Fishing vessel at sea under a dark sky pierced with slanting sunbeams Fishing vessel at sea under a dark sky pierced with slanting sunbeams

New Initiative launches in Scotland to fight the exploitation of workers at sea

A new two-year pilot programme will launch in Scotland, aiming to improve working conditions in the UK fishing industry. The programme will be delivered by Focus on Labour Exploitation (FLEX) in partnership with the the Coalition of Immokalee Workers (CIW) and in consultation with International Transport Workers Federation (ITF), the Fair Food Standards Council and Dr. Jess Sparks, Assistant Professor at the Friedman School of Nutrition Science and Policy at Tufts University

The Worker-Driven social responsibility scheme is the first of its kind in Europe, and will involve collaboration between retailers, vessel owners, human rights experts and local community organisations.

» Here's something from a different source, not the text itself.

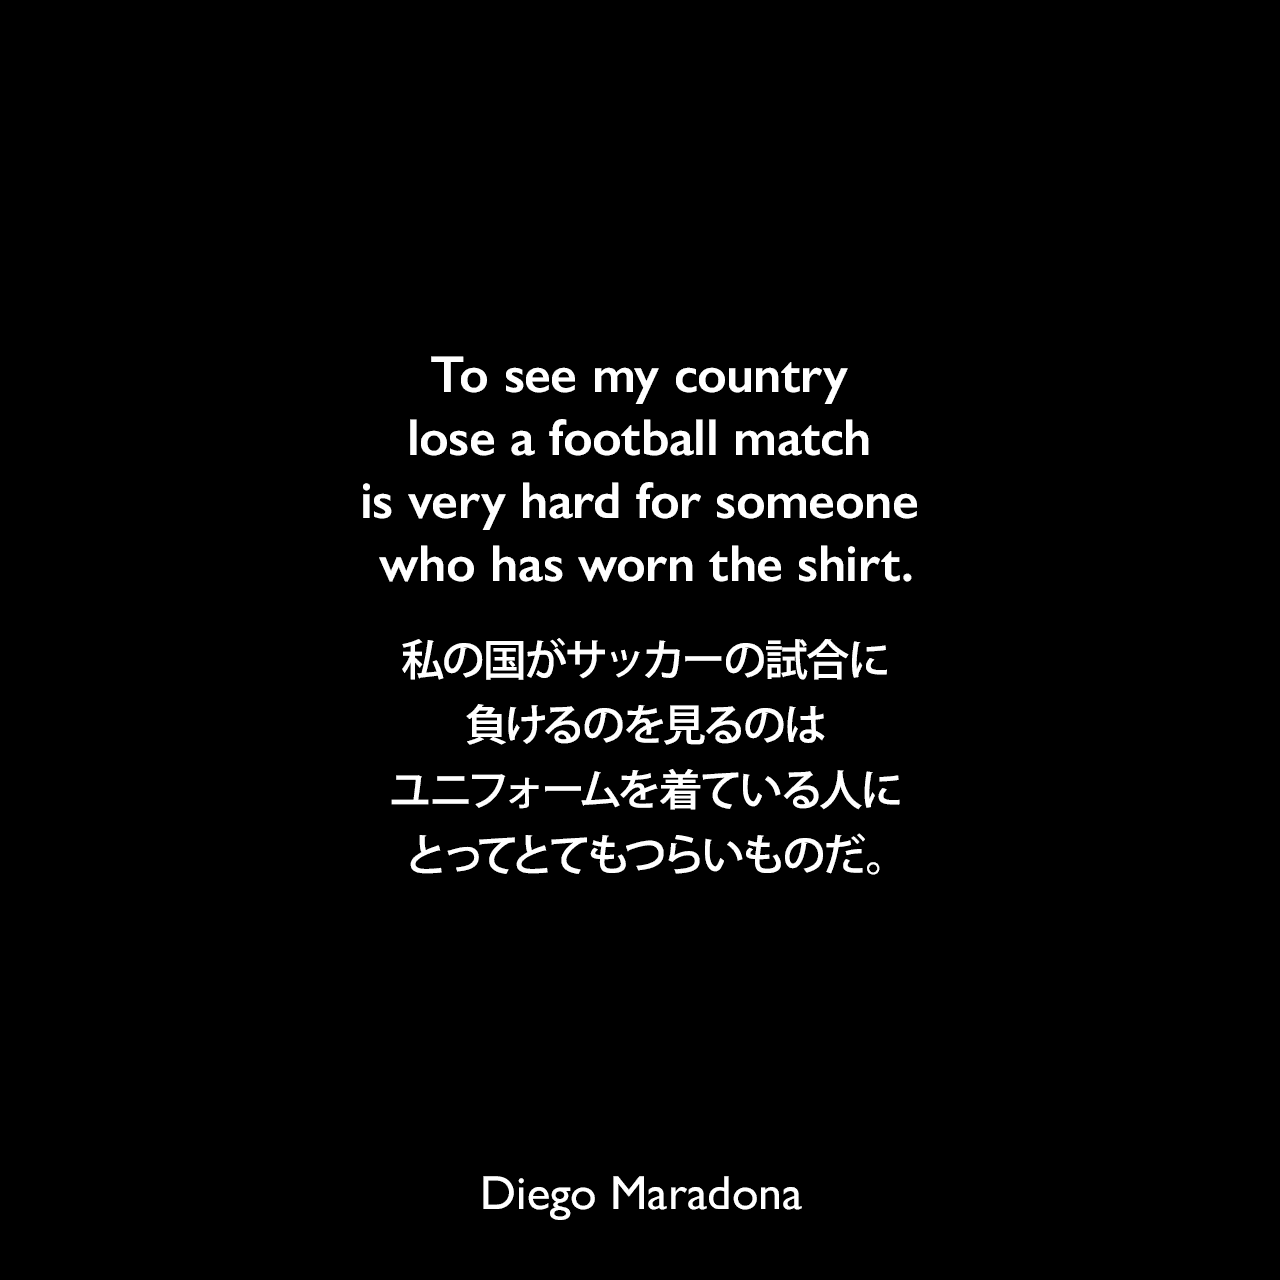 To see my country lose a football match is very hard for someone who has worn the shirt.私の国がサッカーの試合に負けるのを見るのは、ユニフォームを着ている人にとってとてもつらいものだ。Diego Maradona

Fishing is known to be a harsh and dangerous working environment, with a high risk of injury and death. Migrant fishers are often left exposed and vulnerable to the risks of labour abuse and exploitation while at sea aboard British vessels.

FLEX has reported on numerous scandals and accusations of mistreatment in recent years. Fishing vessel workers face multiple systemic issues such as pay inequality, excessive working ours, labour abuse, physical violence and exploitative immigration schemes.

Many migrant fishers are predominantly from the Philippines, Ghana and Indonesia. Their experiences working in UK Territorial Waters and the Exclusive Economic Zone were exposed in the research findings of Dr Sparks in 2022, and in an important piece of investigative journalism published by the Financial Times in 2023. (The Fishermen).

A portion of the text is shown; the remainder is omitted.